Theorem 1 (Convergence of IHT in function values) [7]. Suppose $\mathbf{x}^\star$ is an $k$-sparse vector satisfying $\mathbf{y} = \boldsymbol{\Phi} \mathbf{x}^\star$ and the isometry constants of the matrix $\boldsymbol{\Phi}$ satisfies $\delta_{2k} < 1/3$. Then, IHT computes an s-sparse vector $\widehat{\mathbf{x}} \in \mathbb{R}^p$ such that $||\mathbf{y} - \boldsymbol{\Phi} \widehat{\mathbf{x}}||_2 \leq \epsilon$ in \(\Bigg\lceil \frac{1}{\log\left(\tfrac{1 − \delta\_{2k}}{2\cdot \delta\_{2k}}\right)} \cdot \log \left(\frac{\|\|\mathbf{y}\|\|\_2 ^2}{\epsilon}\right) \Bigg\rceil\) iterations.

…(remark: this holds for step size different than 1 - we will get back to that in the next pot) and according to the following theorem (for convergence in estimates):

Theorem 2 (Convergence of IHT in estimates) [8]. Given observations $\mathbf{y} = \boldsymbol{\Phi} \mathbf{x}^\star$, where $\mathbf{x}^\star$ is $k$-sparse. If $\boldsymbol{\Phi}$ satisfies the RIP with $\delta_{3k} < 1/15$, then, IHT recovers $\widehat{\mathbf{x}}$ such that \(\|\|\mathbf{x}^\star - \widehat{\mathbf{x}}\|\|\_2 \leq 2^{-i} \|\|\mathbf{x}^\star - \mathbf{x}\_0\|\|\_2,\) after $i$ iterations.

In the next post:

• We will discuss further the properties of vanilla IHT.
• We will briefly describe constant step size selections that lead to several IHT variants.

References

[1] Emmanuel Candès, Compressive Sampling, Int. Congress of Mathematics, 3, pp. 1433-1452, Madrid, Spain, 2006.

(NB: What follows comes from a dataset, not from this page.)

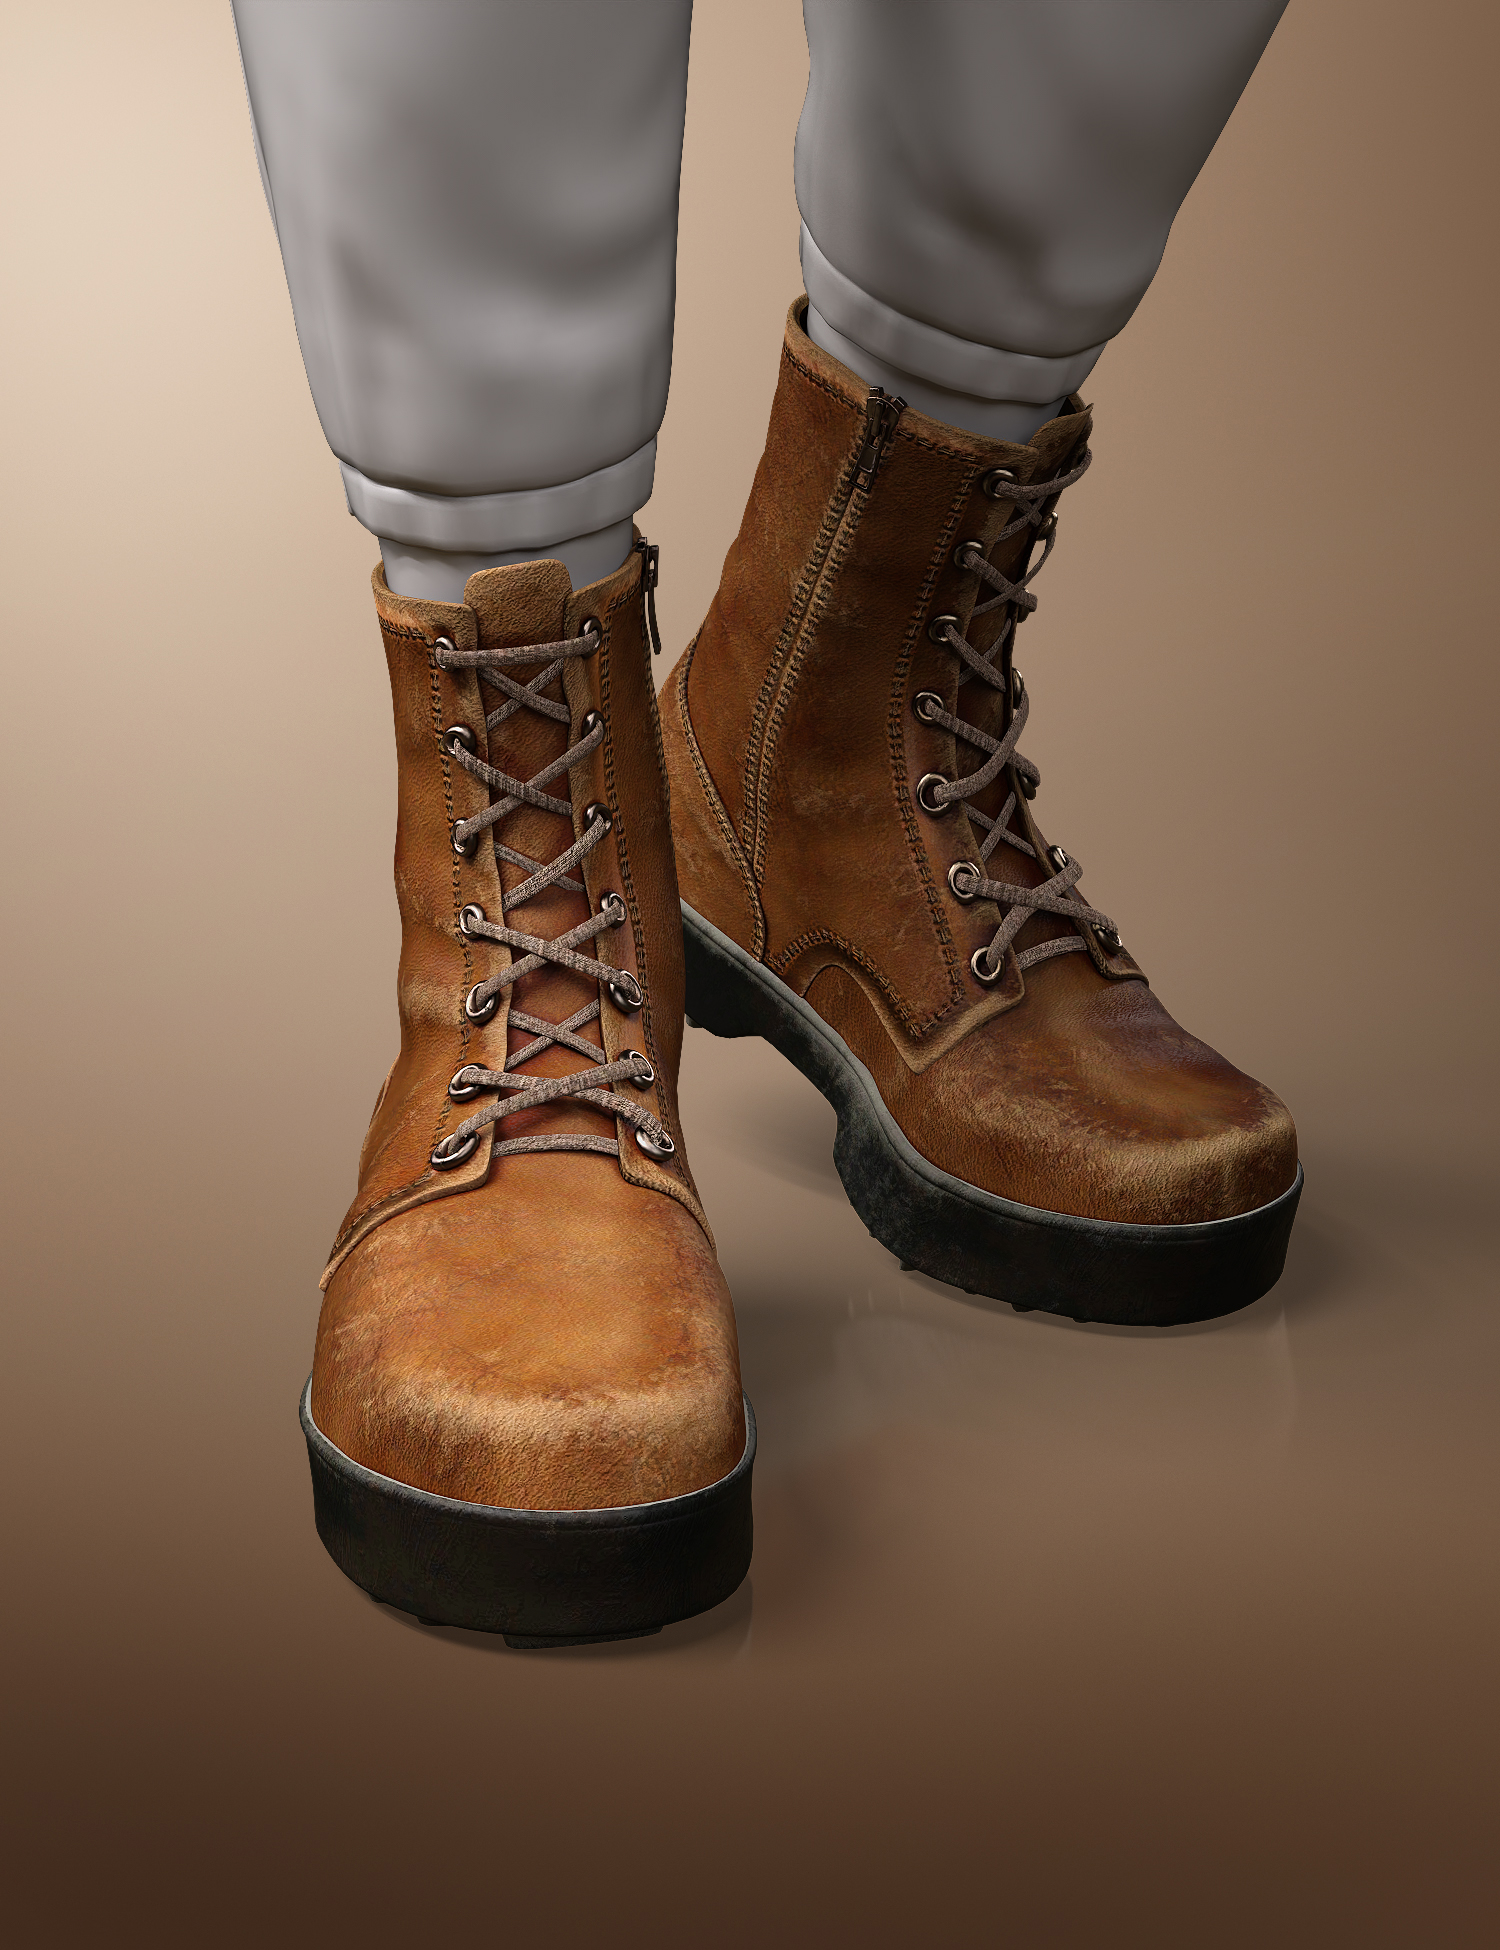 Survival Instinct Boots for Genesis 8 and 8.1 Females by: Barbara Brundon, 3D Models by Daz 3D

[2] Richard Baraniuk, Compressive sensing, IEEE Signal Processing Magazine, 24(4), pp. 118-121, July 2007.

[3] Emmanuel Candès and Michael Wakin, An introduction to compressive sampling, IEEE Signal Processing Magazine, 25(2), pp. 21 - 30, March 2008.

[4] Ingrid Daubechies, Ten Lectures on Wavelets, Society for Industrial and Applied Mathematics, 1992.

[5] Stéphane Mallat, A wavelet tour of signal processing, 2nd Edition, Academic Press, 1999.

[6] Roman Vershynin, Introduction to the non-asymptotic analysis of random matrices, Chapter 5 in Compressed Sensing, Theory and Applications, edited by Y. Eldar and G. Kutyniok, Cambridge University Press, 2012. pp. 210–268.

[7] Rahul Garg, and Rohit Khandekar, Gradient descent with sparsification: An iterative algorithm for sparse recovery with restricted isometry property, in ICML, 2009.

[8] Thomas Blumensath, Mike Davies, Iterative hard thresholding for compressed sensing, Applied and Computational Harmonic Analysis, vol. 27, no. 3, pp. 265-274, 2009.